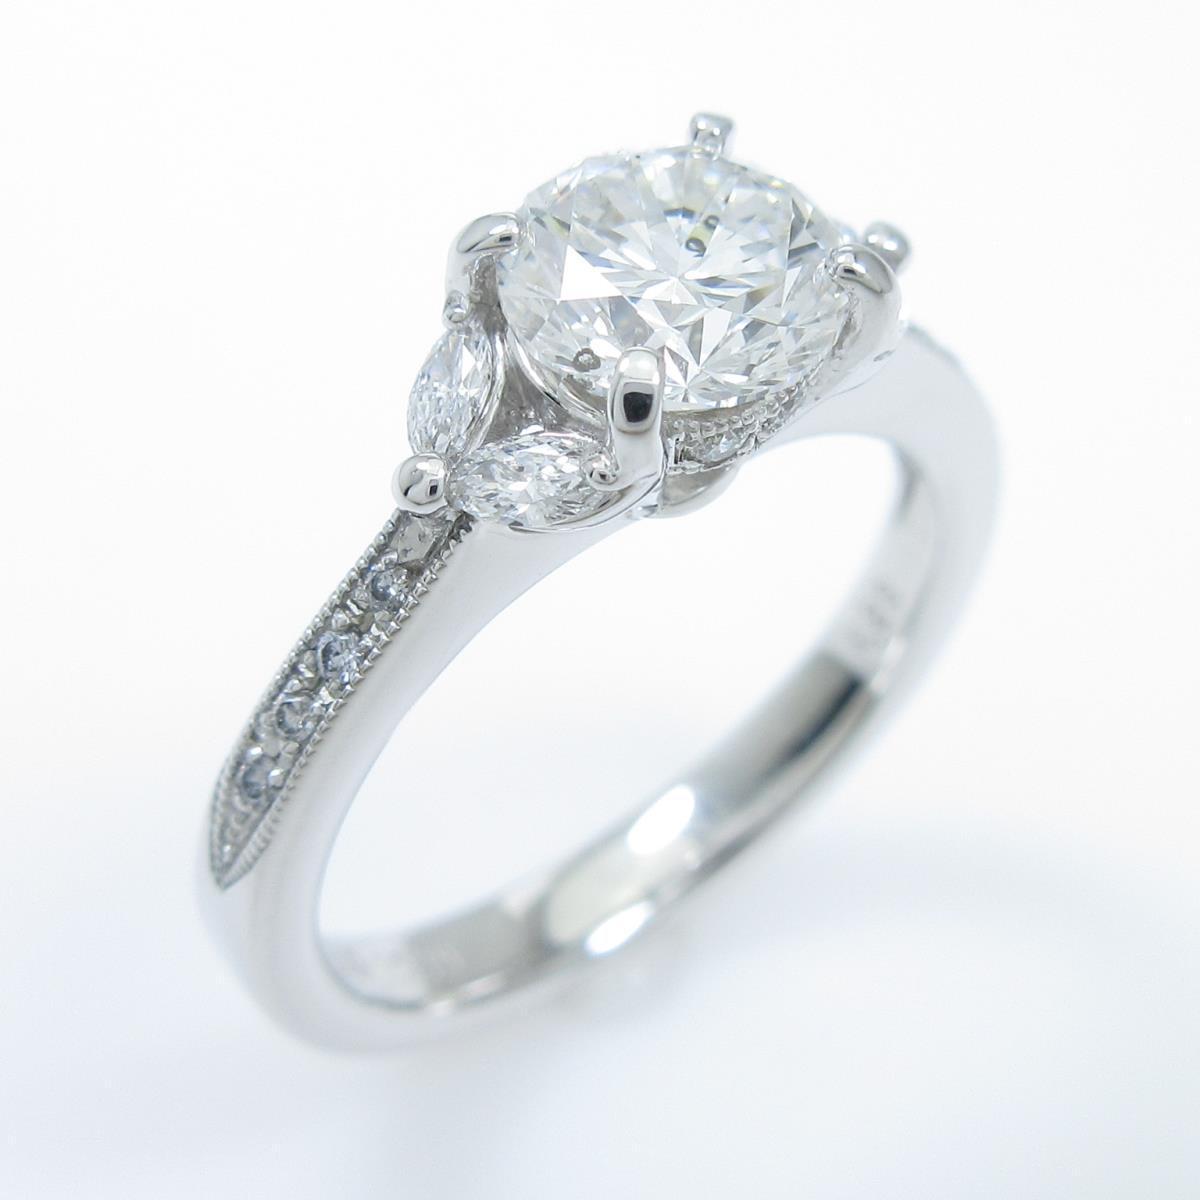 【リメイク】プラチナダイヤモンドリング 1.029ct・F・SI1・GOOD【中古】
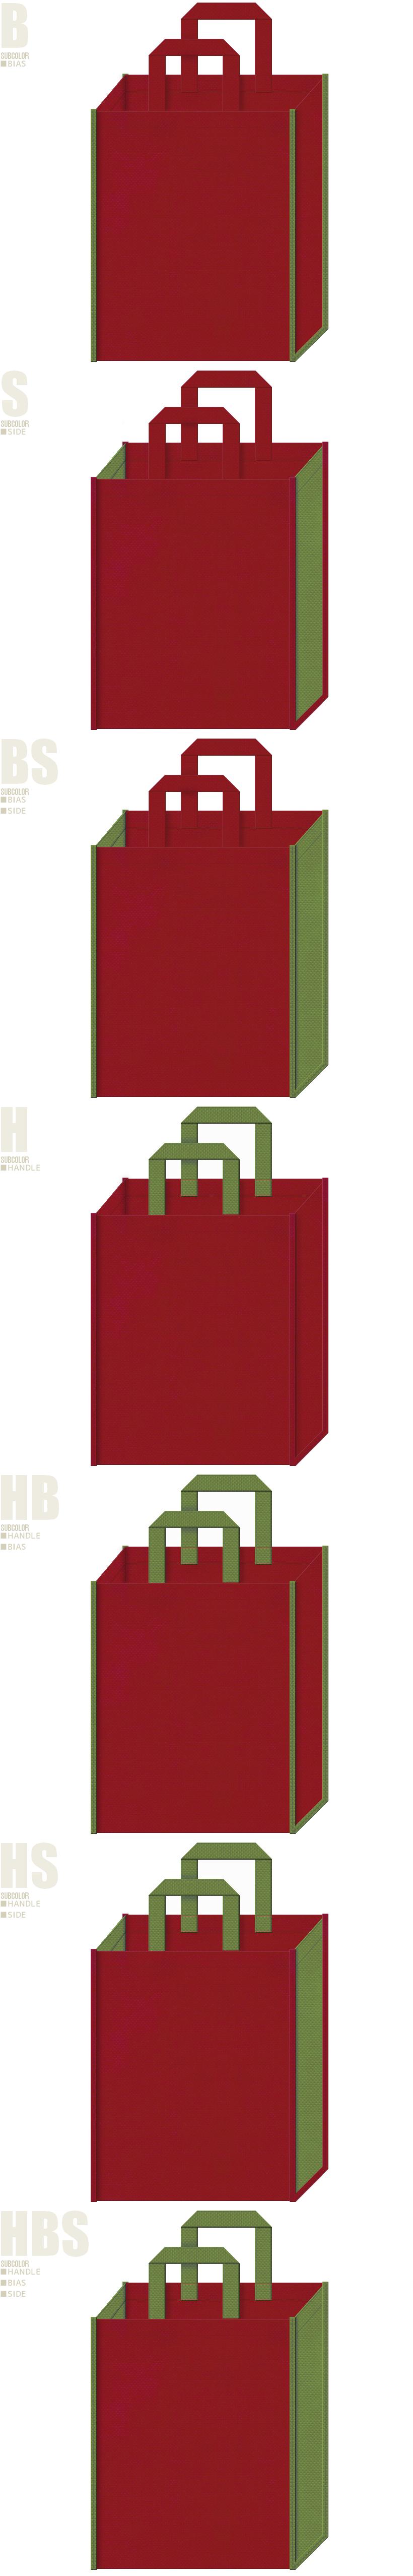 エンジ色と草色、7パターンの不織布トートバッグ配色デザイン例。着物・抹茶ぜんざい風。
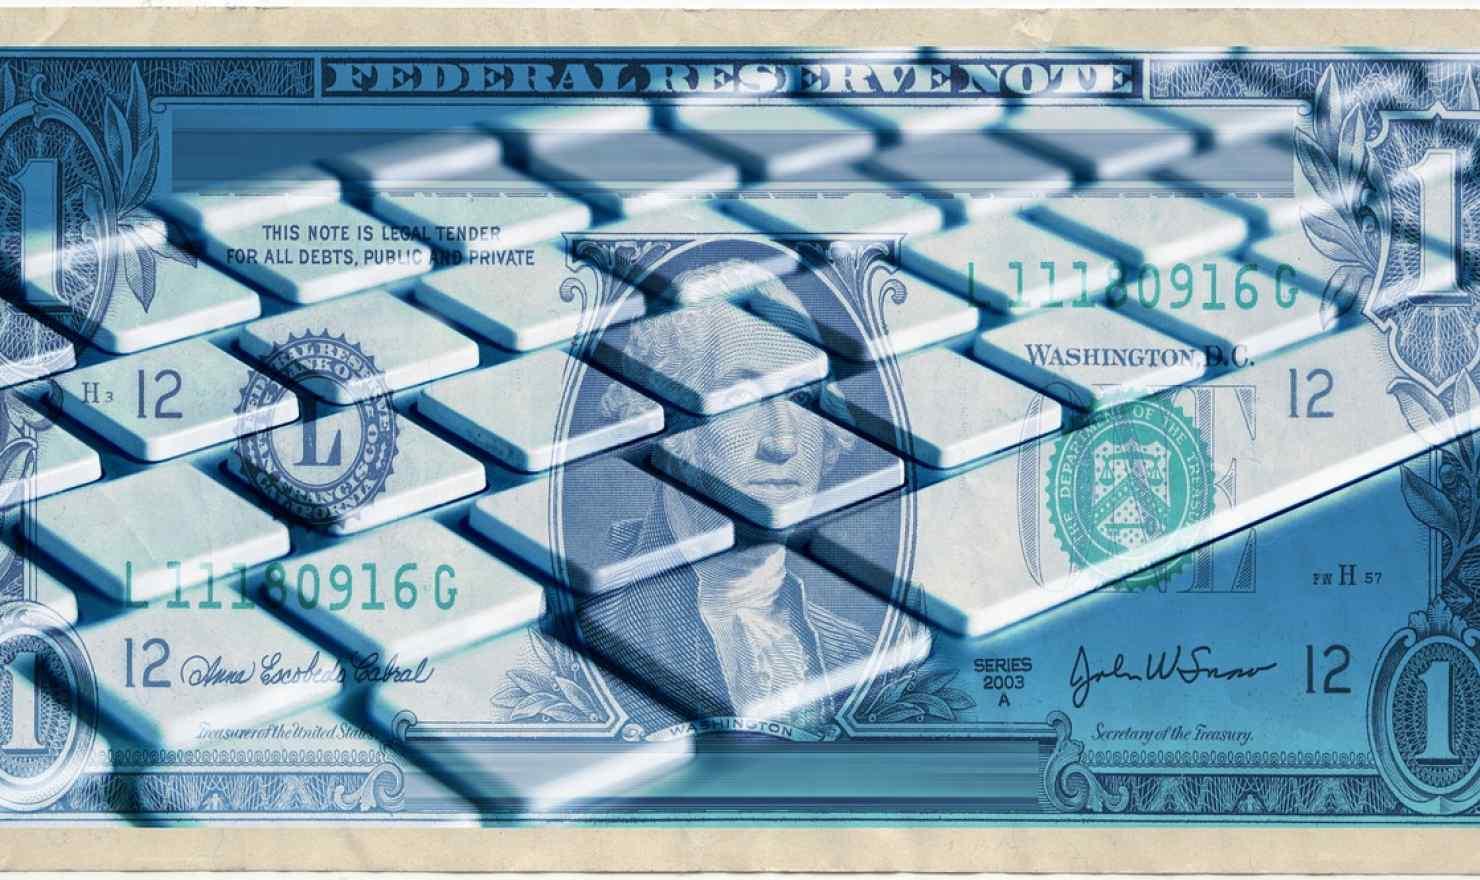 Маленькая зарплата заставляет искать дополнительные источники заработка, и здесь самые широкие возможности дает интернет. Среди множества способов своей доступностью выделяются партнерские программы. Поэтому если ищете, как заработать на партнерке, с чего/
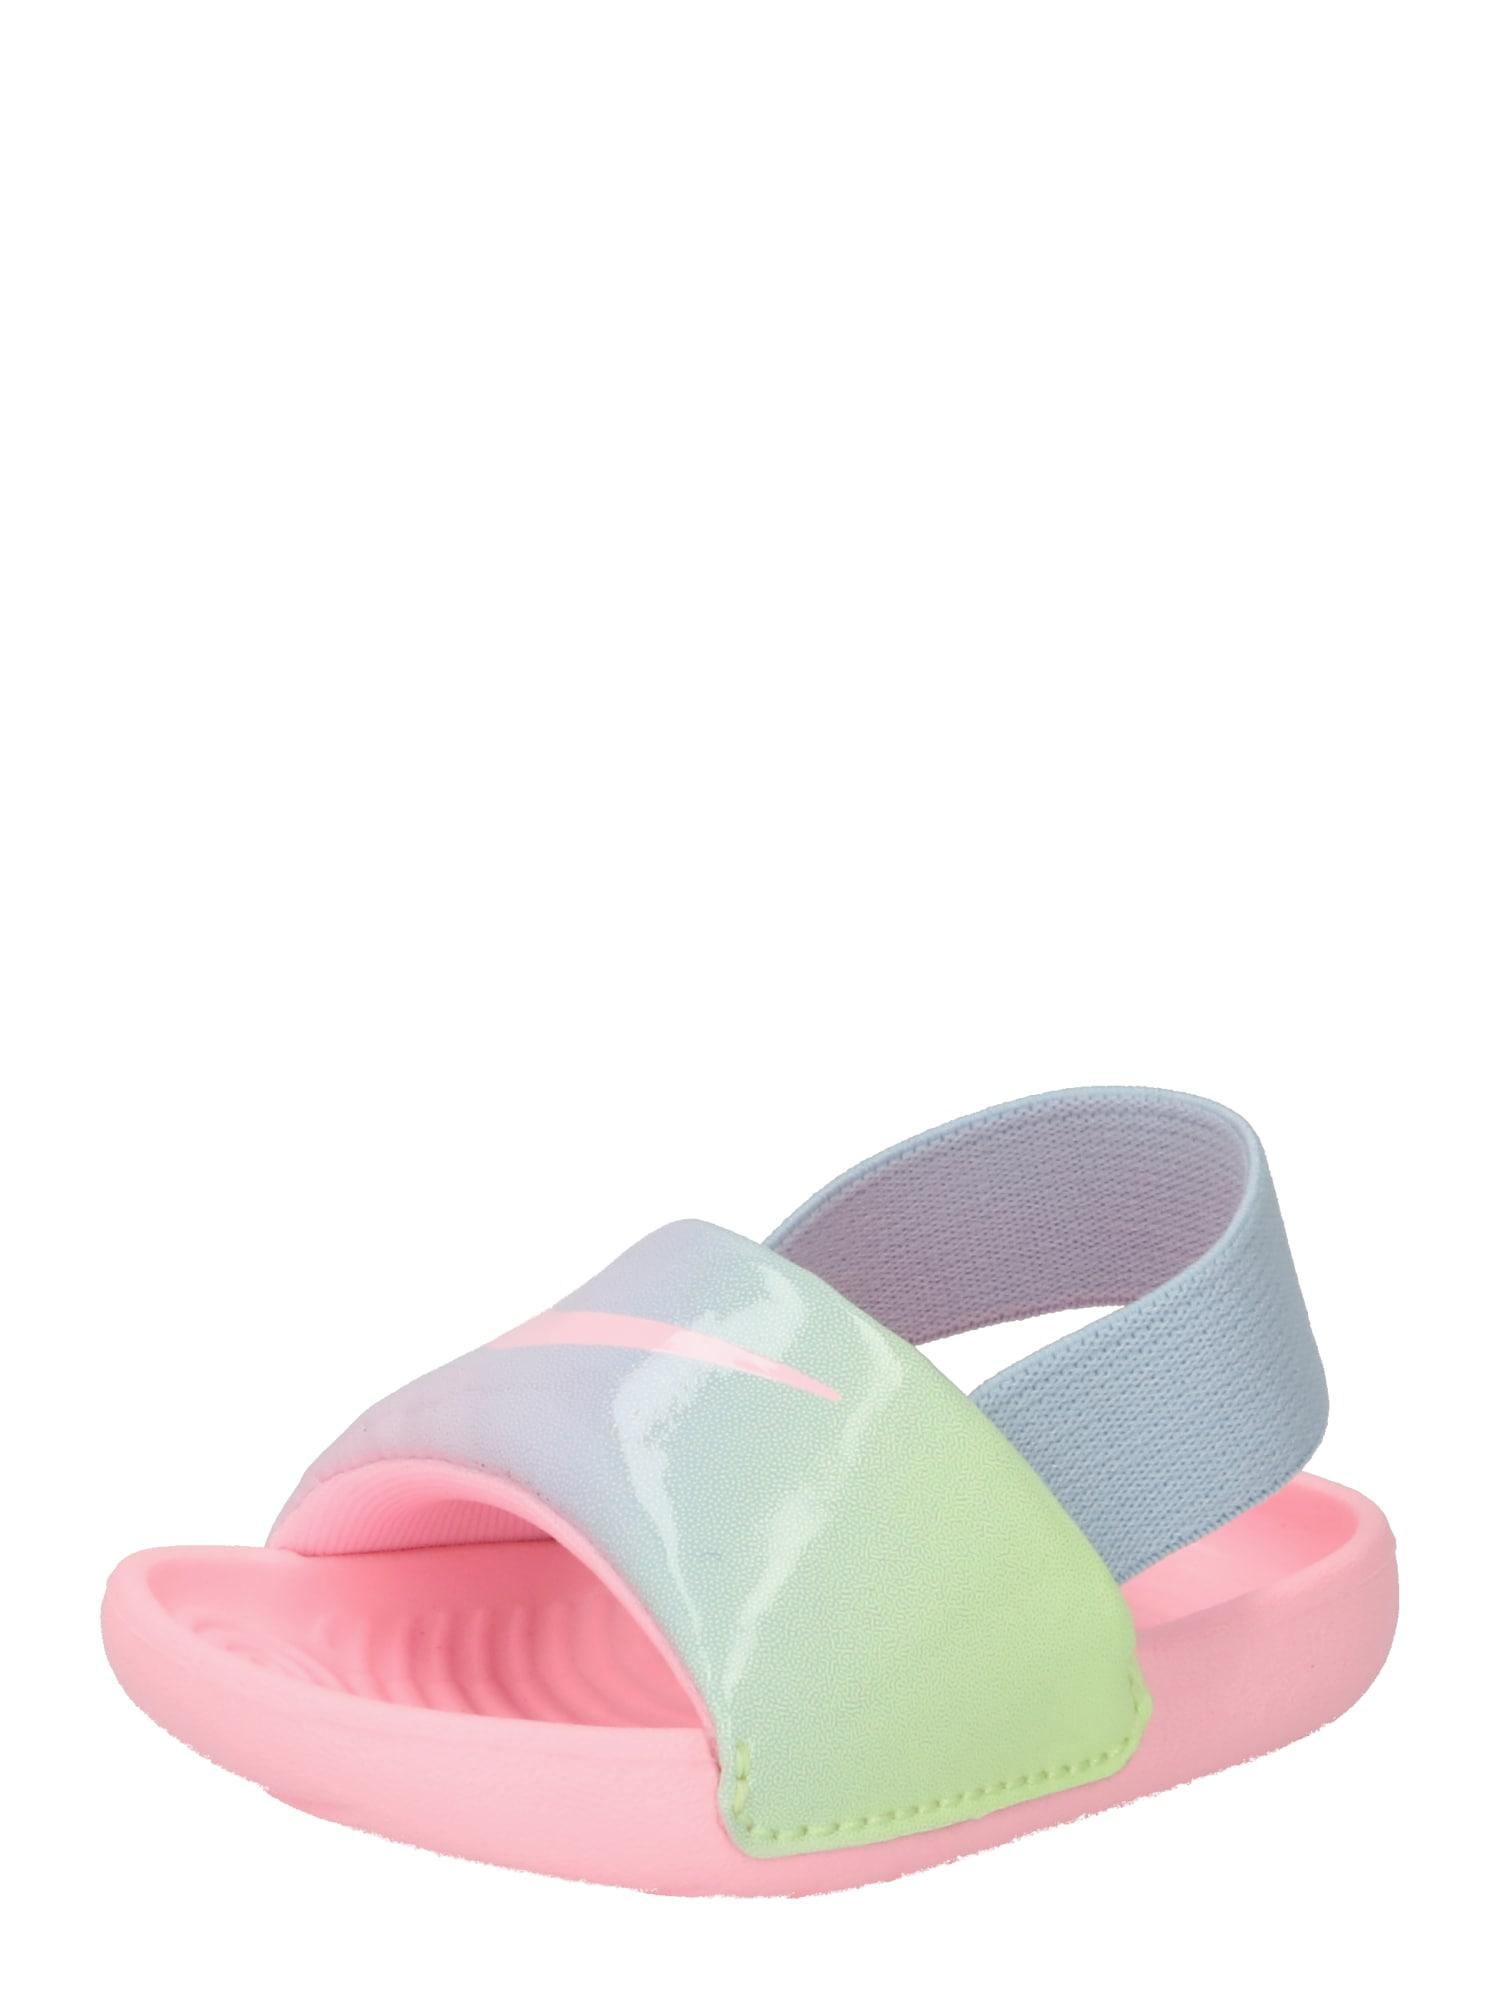 NIKE Sandalai / maudymosi batai 'Kawa SE' rožių spalva / šviesiai mėlyna / neoninė žalia

- - -

Skip the pictures; extract only the lines from the line with "エンジ色と草色、7パターンの" through the final line of the material, exactly as they appear.

- RESPONSE:
 エンジ色と草色、7パターンの不織布トートバッグ配色デザイン例。着物・抹茶ぜんざい風。
 Маленькая зарплата заставляет искать дополнительные источники заработка, и здесь самые широкие возможности дает интернет. Среди множества способов своей доступностью выделяются партнерские программы. Поэтому если ищете, как заработать на партнерке, с чего/
 NIKE Sandalai / maudymosi batai 'Kawa SE' rožių spalva / šviesiai mėlyna / neoninė žalia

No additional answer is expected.